# 942 manual timer freeze



## promitiusx (Jan 31, 2007)

Starting today every time I try to set a manual timer on my 942 it freezes while loading the setup screen right after pressing the manual timer button, and then does a reboot. When it comes back up I have 259 Digital/analog local channels rather than the 16 I had before the reboot. My software version is L2.89


----------



## savecal (Mar 3, 2005)

promitiusx said:


> Starting today every time I try to set a manual timer on my 942 it freezes while loading the setup screen right after pressing the manual timer button, and then does a reboot. When it comes back up I have 259 Digital/analog local channels rather than the 16 I had before the reboot. My software version is L2.89


Yes, with the new L2.89, I've got a whole bunch of bogus analog with a few bogus digitals that have shown up located above my last highest analog channel 50. I've not yet tried the manual timer, since the update, but my 942 did already reboot itself once when I tried to manually move to satellite channel 135. Fortunately, I was able to scroll up to get it without the reboot.


----------



## CABill (Mar 20, 2005)

I did set a manual timer for 12-12:30, let it fire and then stopped it w/o a problem. But I only got a few extra OTA channels added. I'd try to delete a bunch of the 259 you have to see if that is the cause of the manual timer reboot.


----------



## promitiusx (Jan 31, 2007)

CABill said:


> I did set a manual timer for 12-12:30, let it fire and then stopped it w/o a problem. But I only got a few extra OTA channels added. I'd try to delete a bunch of the 259 you have to see if that is the cause of the manual timer reboot.

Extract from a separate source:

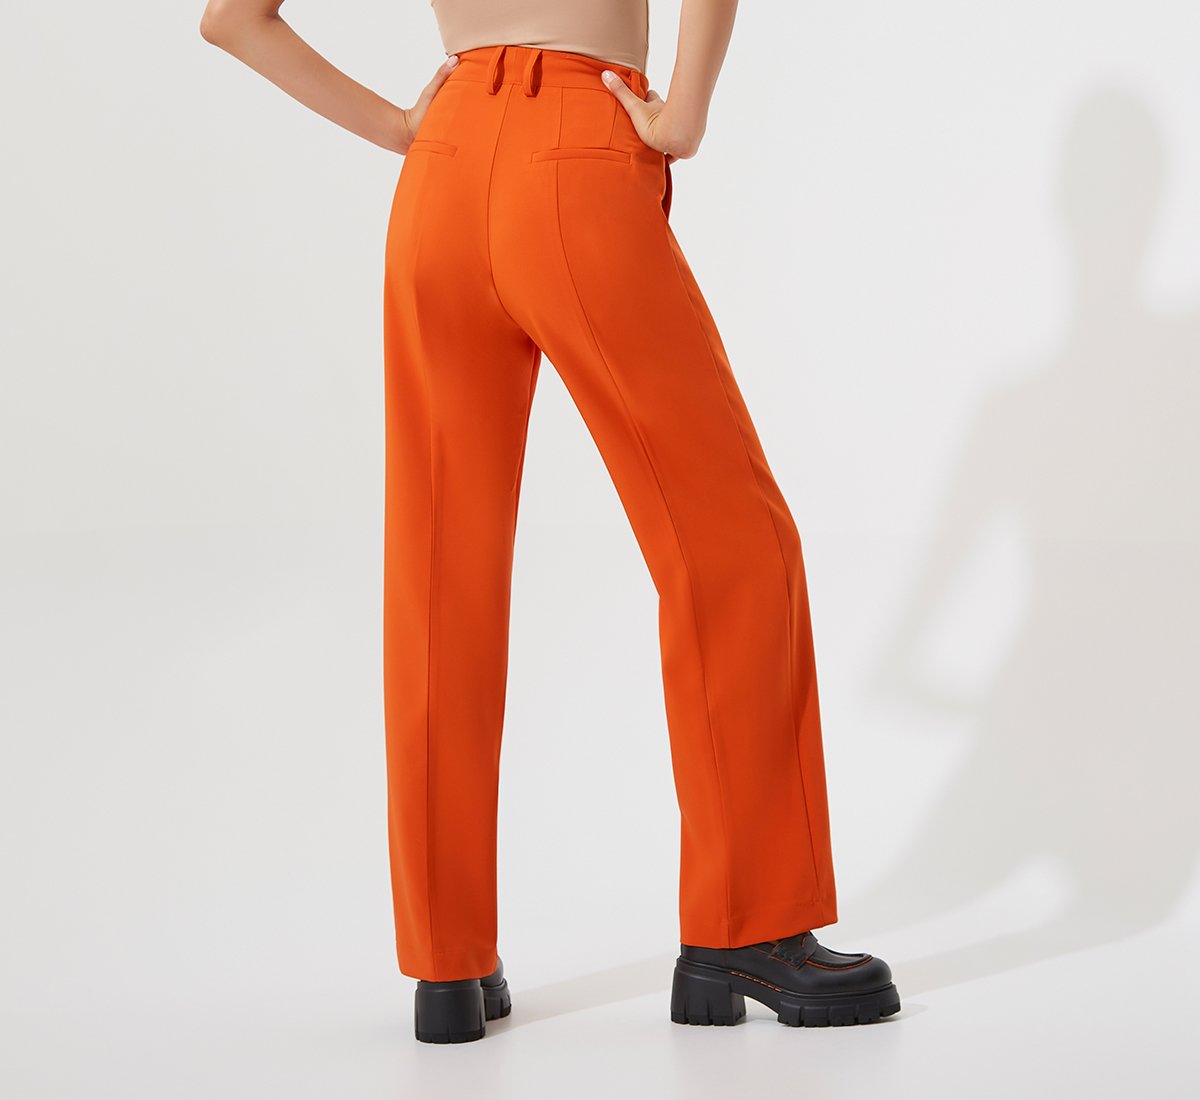 Pantalone arancione slim fit

The 259 garbage channel problem doesn't happen until after it reboots from the manual timer problem. I rescan locals to clear the garbage ones. I called dish, they are having me pay them to send another 942 out. The only thing thay had me try was a hard reset.


----------



## worldtrvlr (Sep 24, 2006)

I'm having these same issues. If I do a re-boot, the garbage channels go away for a while, but return withing 1/2 an hour or so. I also cannot set a manual timer, and I'm not about to pay dish for locals here since I get all of them in HD with an OTA antenna, but Dish doesn't yet carry them in my city.


----------



## Outaspace (Feb 19, 2007)

I am having the same manual timer problem and a variety of other new problems that appeared after the L289 install on Jan 30th (see my contribution to the "L289Release Notes and Discussion" thread). I have been in e-mail exchange with e* for over two weeks and they have refused to acknowledge a systemic problem. All they have told me is to buy the satellite-delivered local channels to get the OTA program guide and use that for timers.


----------



## MVL999 (May 14, 2004)

I was having the same problem. They replaced my 942. The replacement unit does not freeze when i set up a manual timer.


----------